UK - Employees in defined contribution schemes are having to pay more towards their pension than their final salary counterparts.
According to consultant Watson Wyatt's ‘Pension Plan Design Survey’, employees in DC plans are having to pay up to 8% of their salary towards their pensions to get a decent contribution rate, compared with a typical final salary contribution rate of under 5%.
Without doubt there are some good DC schemes around, said Colin Singer, a partner at Watson Wyatt.
But average rates of contribution remain low. Potentially this is the most worrying aspect of the shift towards DC. The overall level of pension funding is being reduced and the size of the funding gap is not fully appreciated.

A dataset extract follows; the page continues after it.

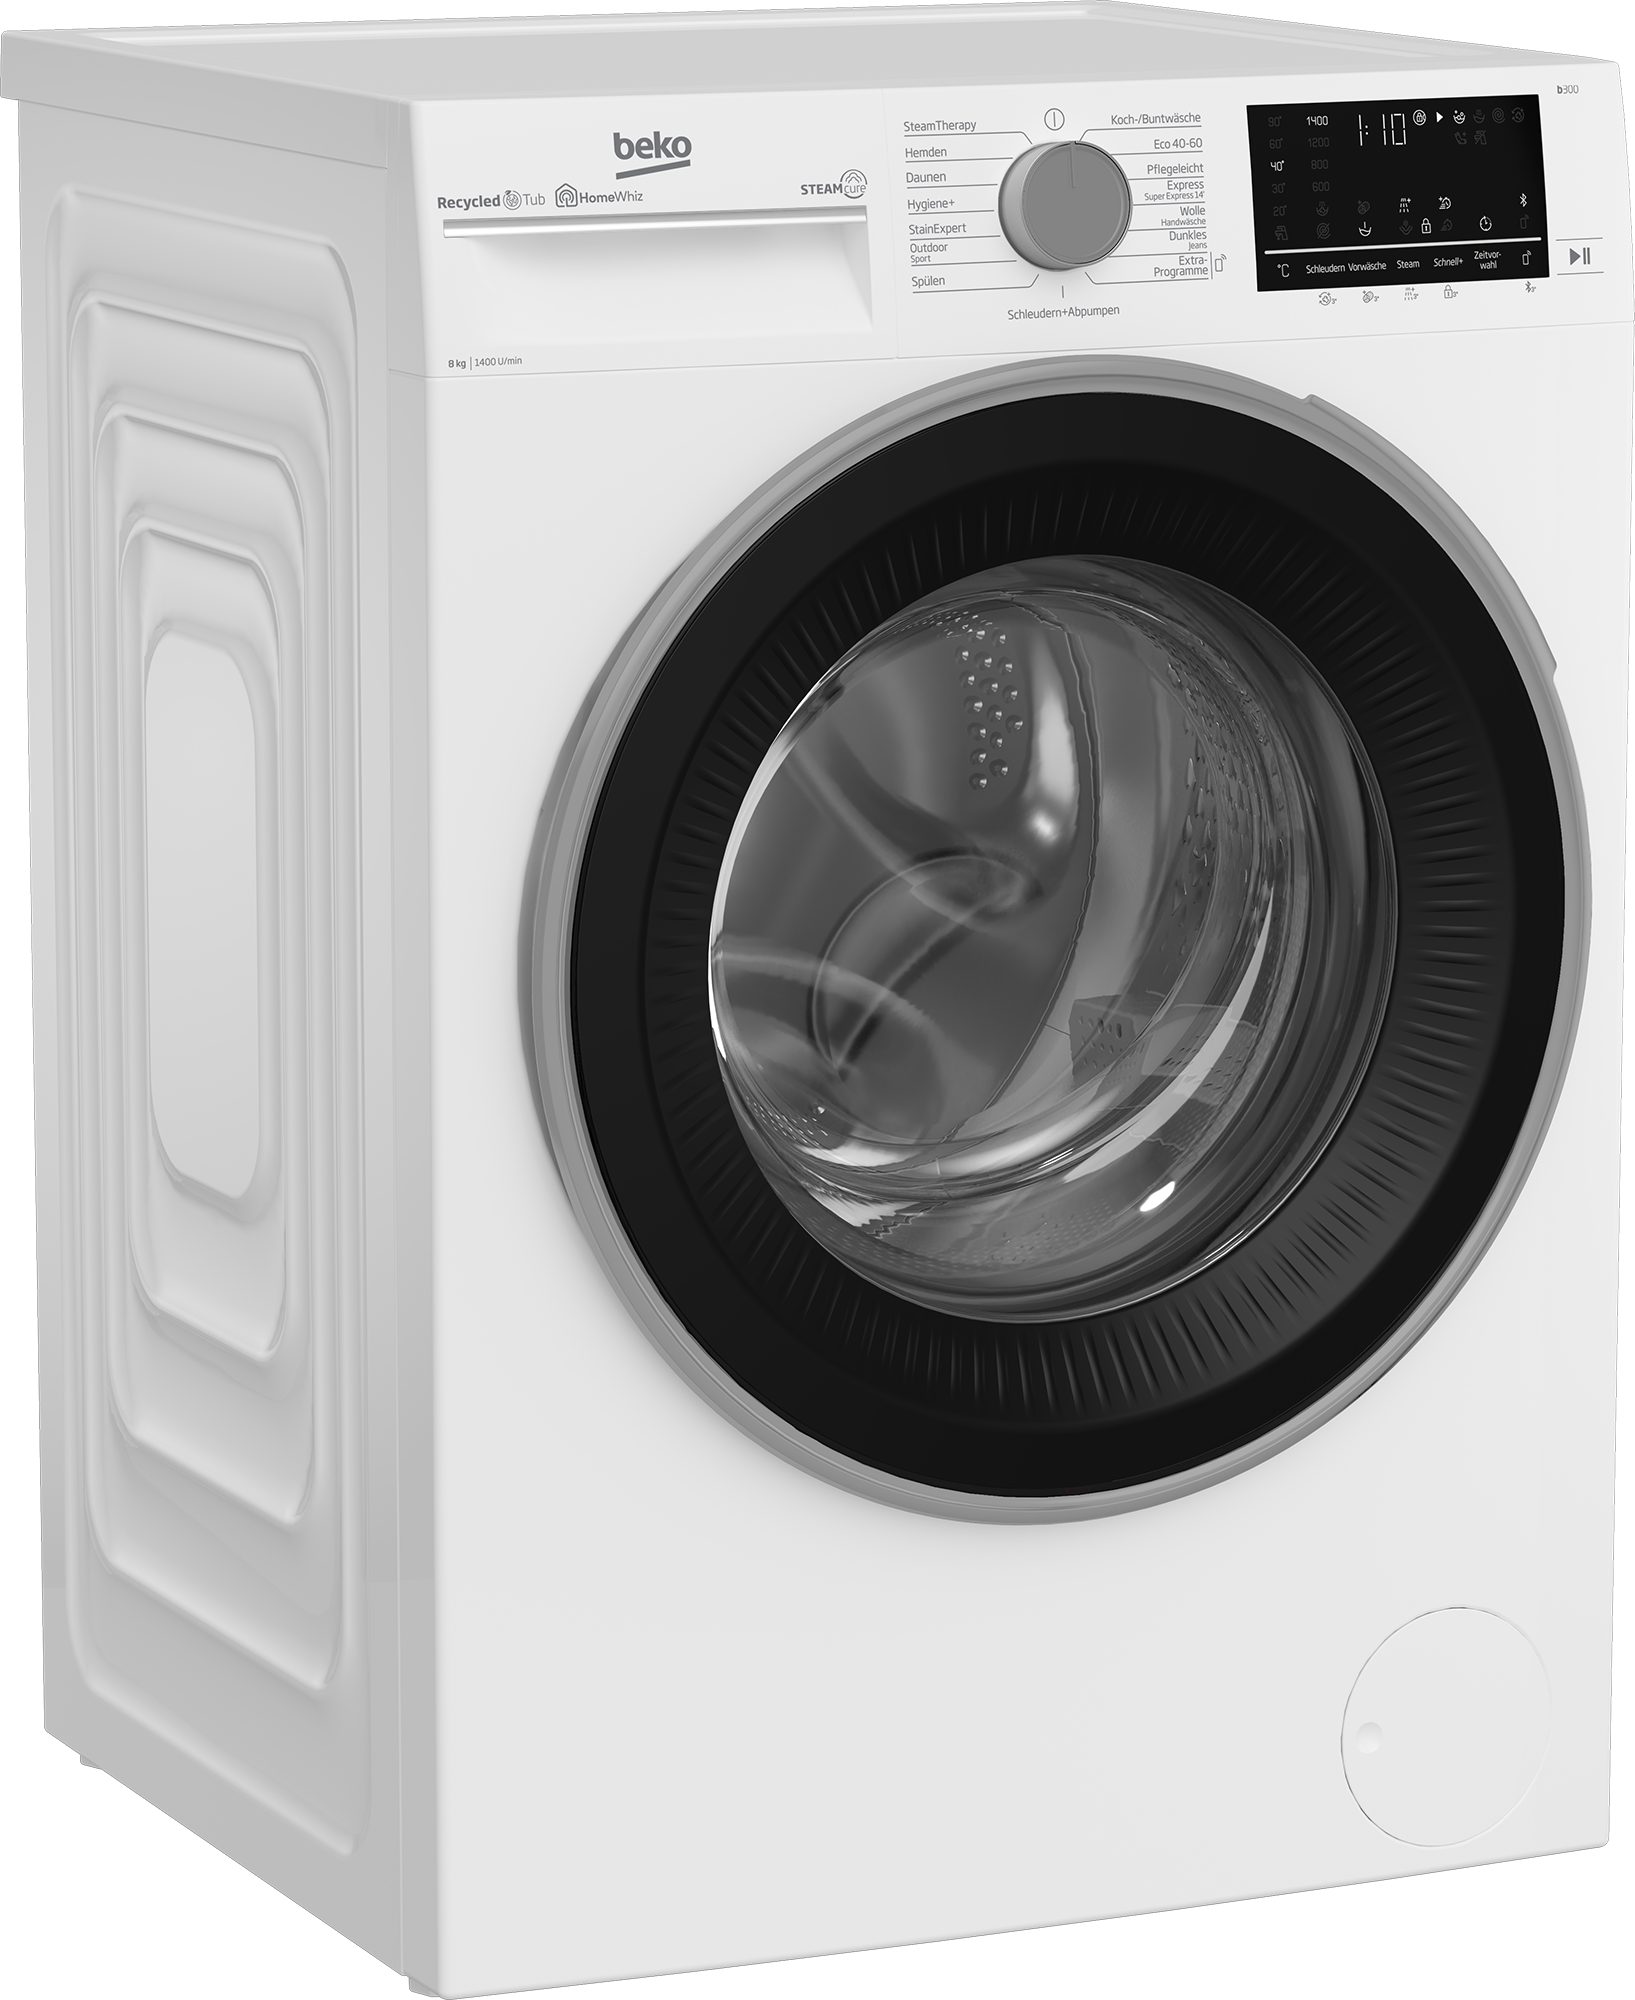 Waschmaschine kg, B3WFU58415W1, 8 allergenfrei 1400 U/min, - b300 BEKO SteamCure 99%

On the flip side, employers are increasingly incentivising those staff willing to contribute more towards their own pension.
Some 47% of DC schemes surveyed are structured so that the employer contributes additional matching contributions for those employees opting to make additional contributions themselves. This figure compares to 37% in 2000.
For those pension schemes with ‘matching’ structures, the average minimum employer contribution was 4.3% of salary, with employees contributing 2.5% - giving a total of 6.8%.
However, where in addition to the minimum rates, employees opted to pay higher contributions and receive further matched employer contributions, on average the potential extra contributions amounted to 8.4%, giving an overall potential contribution rate of 15.2%.
After allowing for the cost of death-in-service benefits and the benefits arising from S2P or National Insurance rebates, this compares well with the typical contribution rate for a defined benefit plan, added Singer.
But it is important to bear in mind that many employees do not opt to pay the maximum matched contributions.
Watson Wyatt warned that employers need to consider very carefully the ‘matching contribution philosophy’.
In our experience, employers have become more concerned to focus employee benefits costs where they are most appreciated. But it is important that such schemes are well communicated to employees,” Singer explained.
“One can imagine yet another 'misselling' scandal if pension scheme members say they did not realise that theiremployer would pay, say, 2% for every 1% they paid.